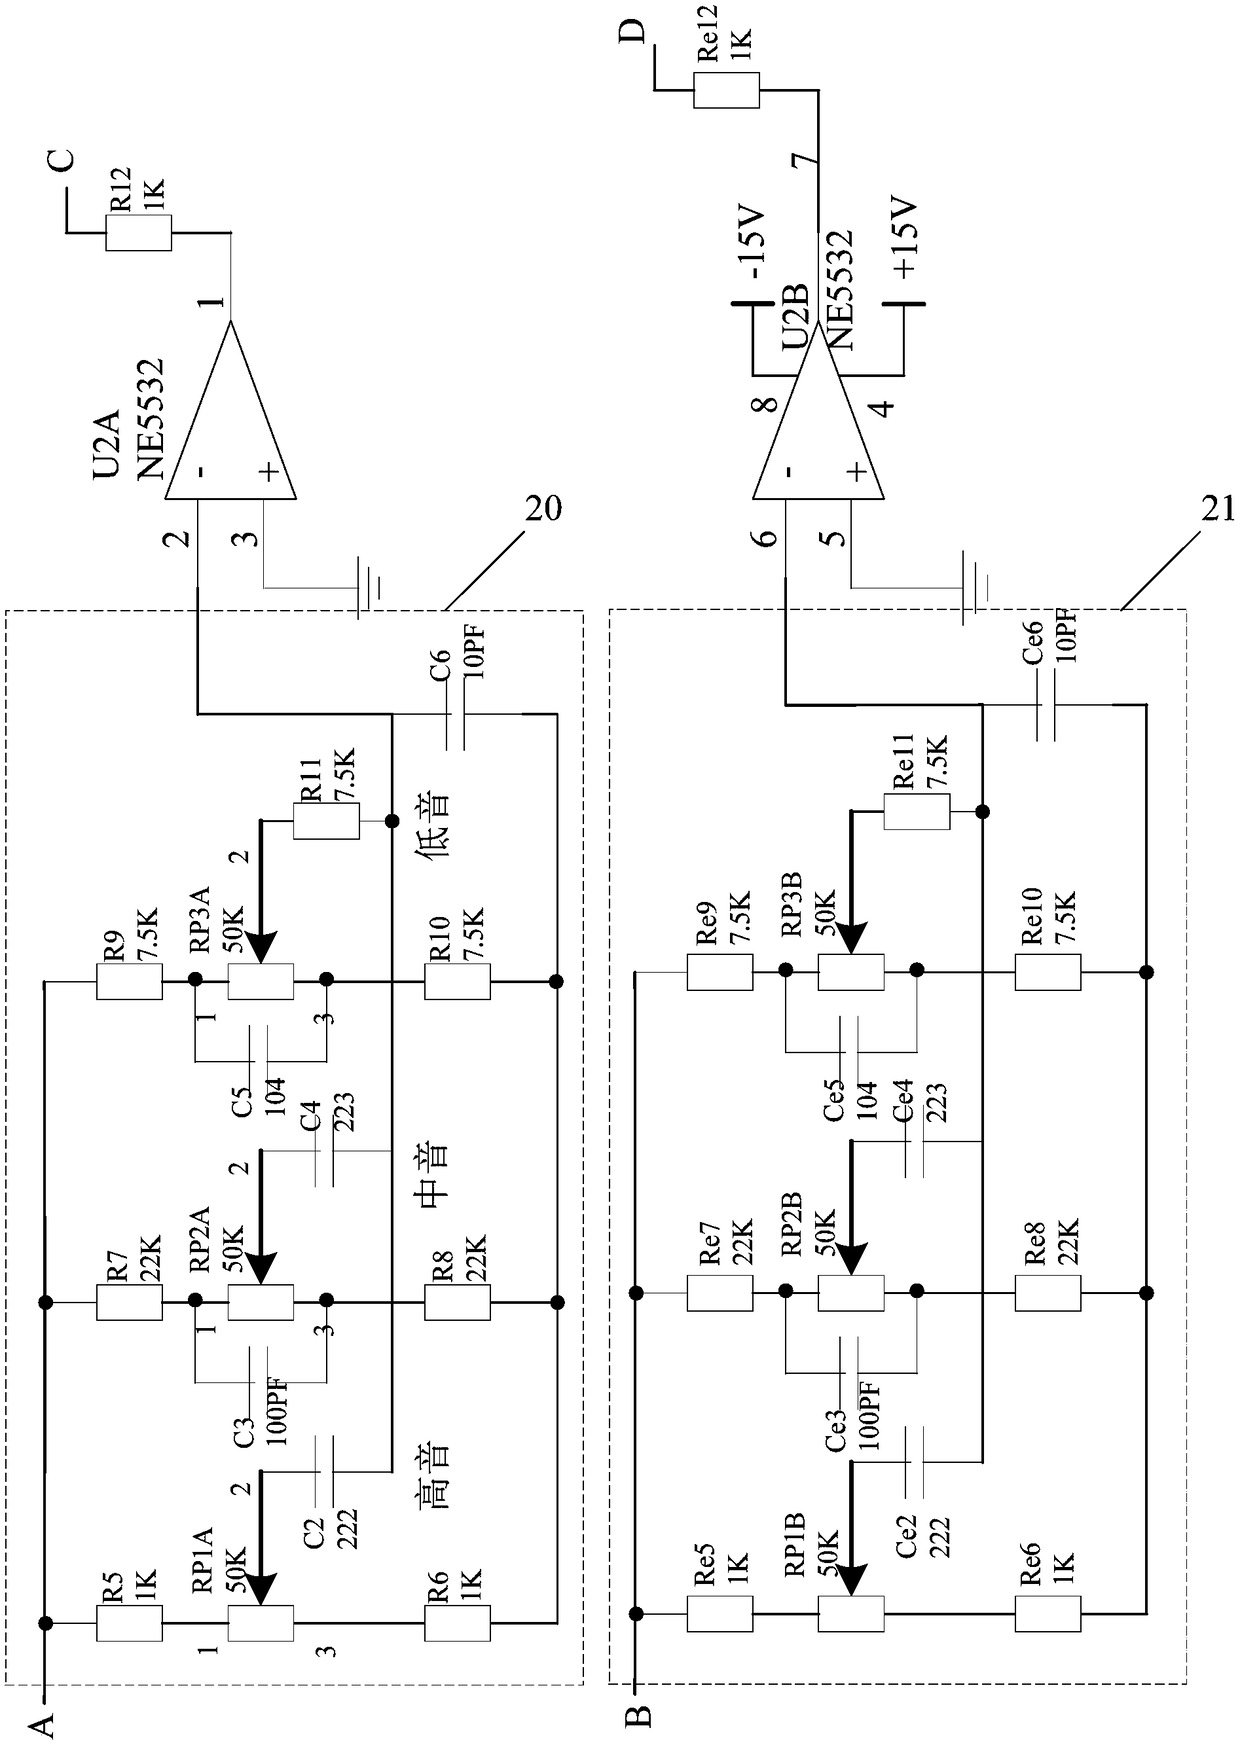 Tone regulation and control circuit based on NE5532 chip
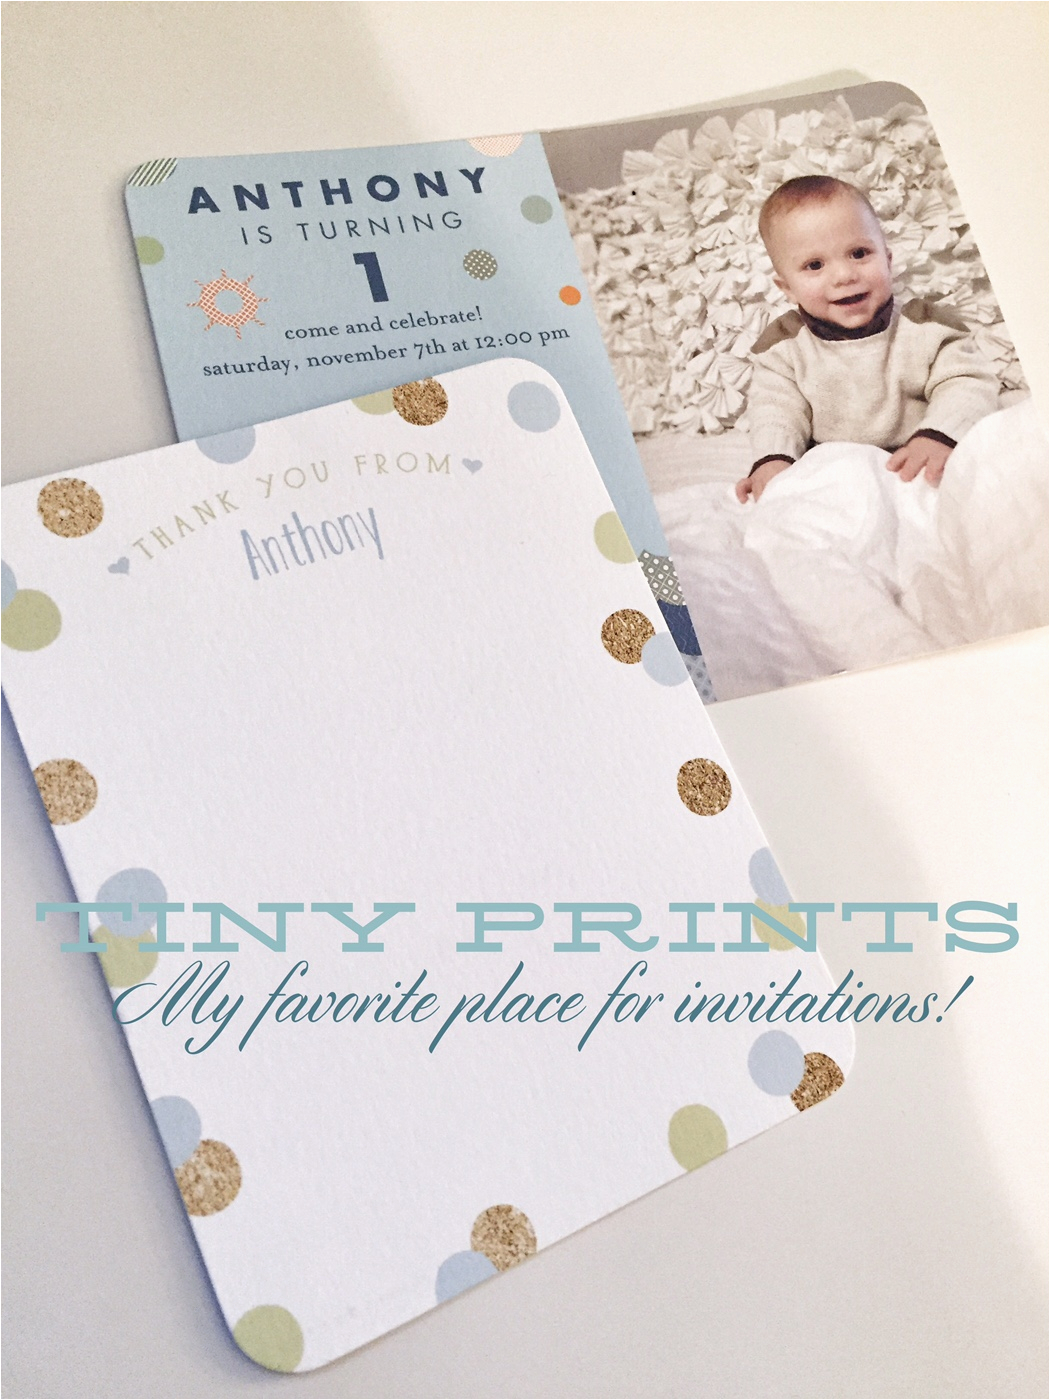 tiny prints are the only invitation i choose for special
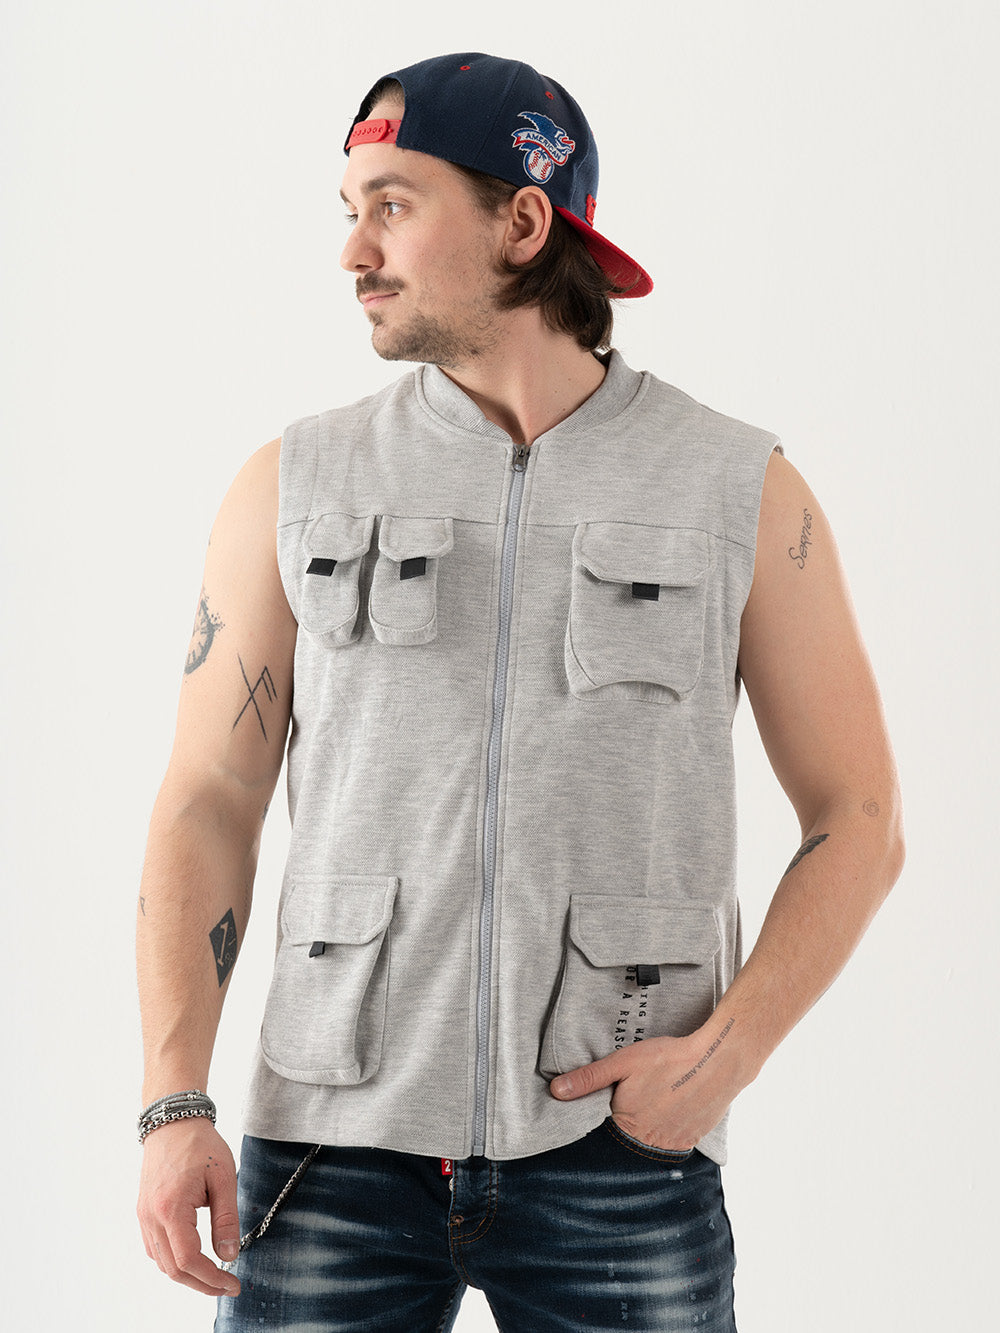 A man wearing a FREESPIRIT VEST with multi-pocket cargo pockets and a hat.
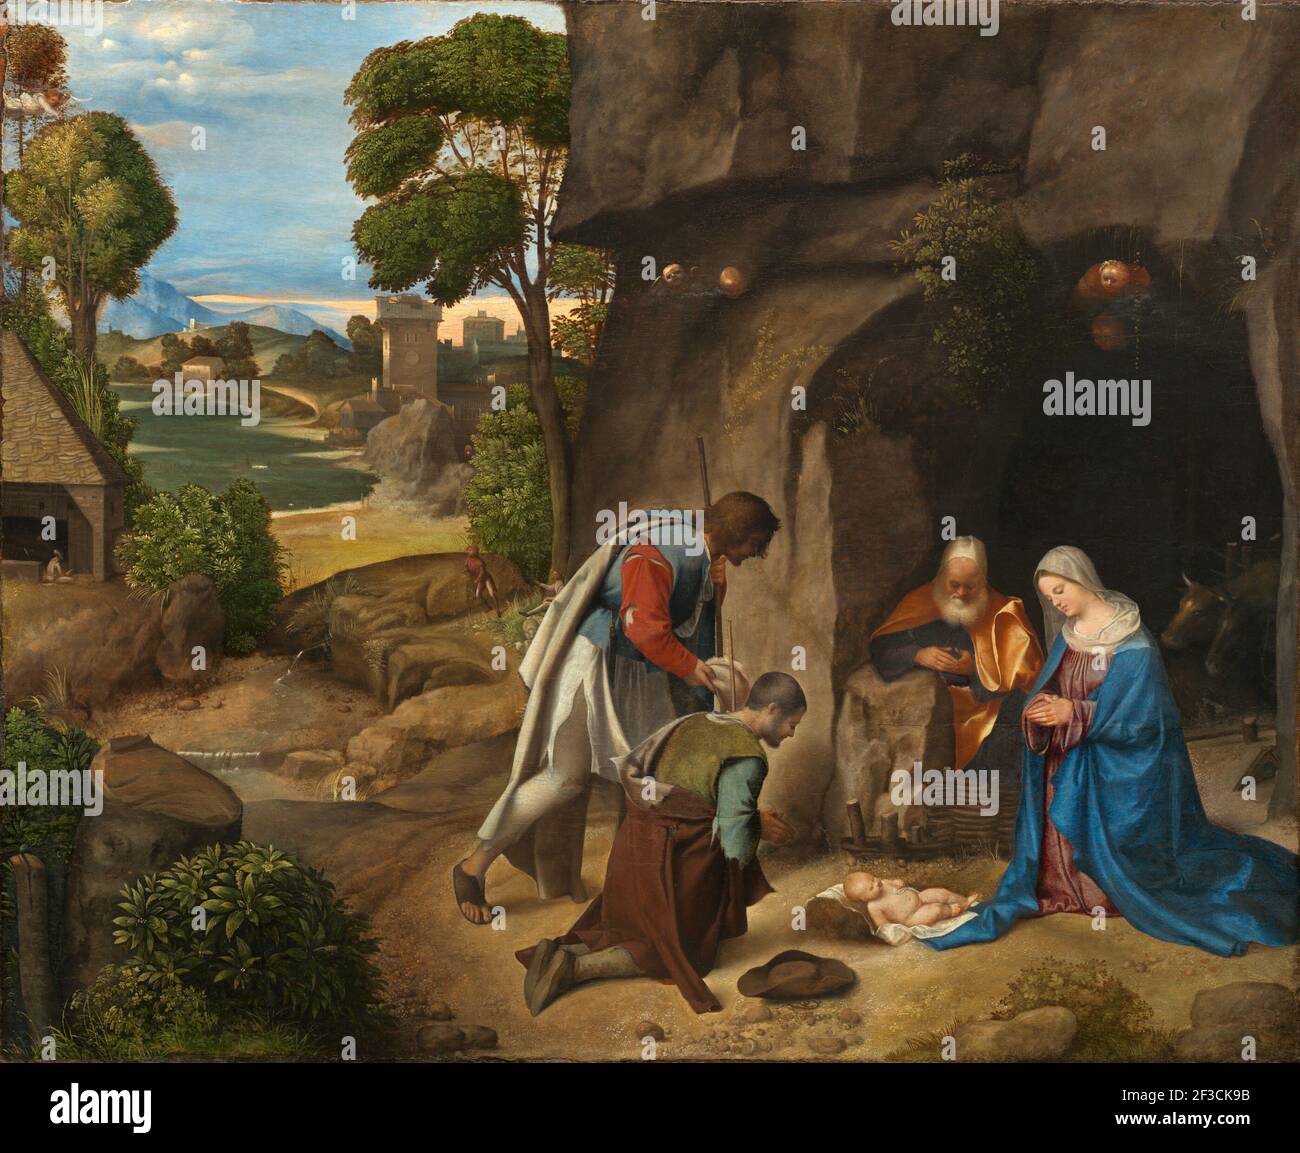 The Adoration of the Shepherds, 1505/1510. Stock Photo

═══

Write the data out again exactly, but without its images.

### SOLUTION
 Tone regulation and control circuit based on NE5532 chip
 tiny prints are the only invitation i choose for special
 A man wearing a FREESPIRIT VEST with multi-pocket cargo pockets and a hat.
 The Adoration of the Shepherds, 1505/1510. Stock Photo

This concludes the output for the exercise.